TASK TO CARRY OUT:
What do the lines say from the one containing "Festivalul Internațional de" to the end of the records? Restate them word for word, and only those.

Saved entries:
============
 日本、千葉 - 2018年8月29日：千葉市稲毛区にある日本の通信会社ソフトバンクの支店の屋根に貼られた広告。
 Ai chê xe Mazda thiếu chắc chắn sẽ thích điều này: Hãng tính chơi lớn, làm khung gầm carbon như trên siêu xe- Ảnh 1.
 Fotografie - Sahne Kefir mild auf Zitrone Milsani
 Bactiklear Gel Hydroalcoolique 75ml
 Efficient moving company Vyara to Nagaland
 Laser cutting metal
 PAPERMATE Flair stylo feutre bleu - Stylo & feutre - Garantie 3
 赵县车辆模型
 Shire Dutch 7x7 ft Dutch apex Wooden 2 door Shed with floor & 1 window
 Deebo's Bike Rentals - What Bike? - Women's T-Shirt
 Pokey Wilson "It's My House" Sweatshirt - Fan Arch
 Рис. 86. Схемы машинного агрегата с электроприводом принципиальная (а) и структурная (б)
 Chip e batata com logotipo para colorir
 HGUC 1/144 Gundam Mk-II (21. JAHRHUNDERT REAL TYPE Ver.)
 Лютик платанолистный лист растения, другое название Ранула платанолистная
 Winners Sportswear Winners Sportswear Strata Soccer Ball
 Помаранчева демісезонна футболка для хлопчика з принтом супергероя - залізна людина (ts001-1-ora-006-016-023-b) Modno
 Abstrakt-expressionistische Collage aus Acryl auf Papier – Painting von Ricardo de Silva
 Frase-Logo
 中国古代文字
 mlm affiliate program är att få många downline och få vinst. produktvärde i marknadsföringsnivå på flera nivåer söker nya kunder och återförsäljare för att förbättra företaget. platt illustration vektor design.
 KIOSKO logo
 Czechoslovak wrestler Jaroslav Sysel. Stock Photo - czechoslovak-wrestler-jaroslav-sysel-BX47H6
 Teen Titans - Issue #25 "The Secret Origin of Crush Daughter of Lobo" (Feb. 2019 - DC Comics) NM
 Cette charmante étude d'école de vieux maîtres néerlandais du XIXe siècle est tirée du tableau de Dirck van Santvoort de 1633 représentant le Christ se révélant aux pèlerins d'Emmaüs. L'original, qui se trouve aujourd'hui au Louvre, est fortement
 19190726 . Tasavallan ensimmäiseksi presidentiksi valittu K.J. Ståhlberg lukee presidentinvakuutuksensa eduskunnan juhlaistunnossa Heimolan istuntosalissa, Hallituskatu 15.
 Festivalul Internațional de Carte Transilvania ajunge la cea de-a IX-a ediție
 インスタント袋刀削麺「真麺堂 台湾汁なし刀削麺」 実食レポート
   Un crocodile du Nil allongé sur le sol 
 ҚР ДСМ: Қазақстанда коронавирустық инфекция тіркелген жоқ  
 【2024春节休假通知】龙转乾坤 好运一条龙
============
WRITTEN ANSWER:
 Festivalul Internațional de Carte Transilvania ajunge la cea de-a IX-a ediție
 インスタント袋刀削麺「真麺堂 台湾汁なし刀削麺」 実食レポート
   Un crocodile du Nil allongé sur le sol 
 ҚР ДСМ: Қазақстанда коронавирустық инфекция тіркелген жоқ  
 【2024春节休假通知】龙转乾坤 好运一条龙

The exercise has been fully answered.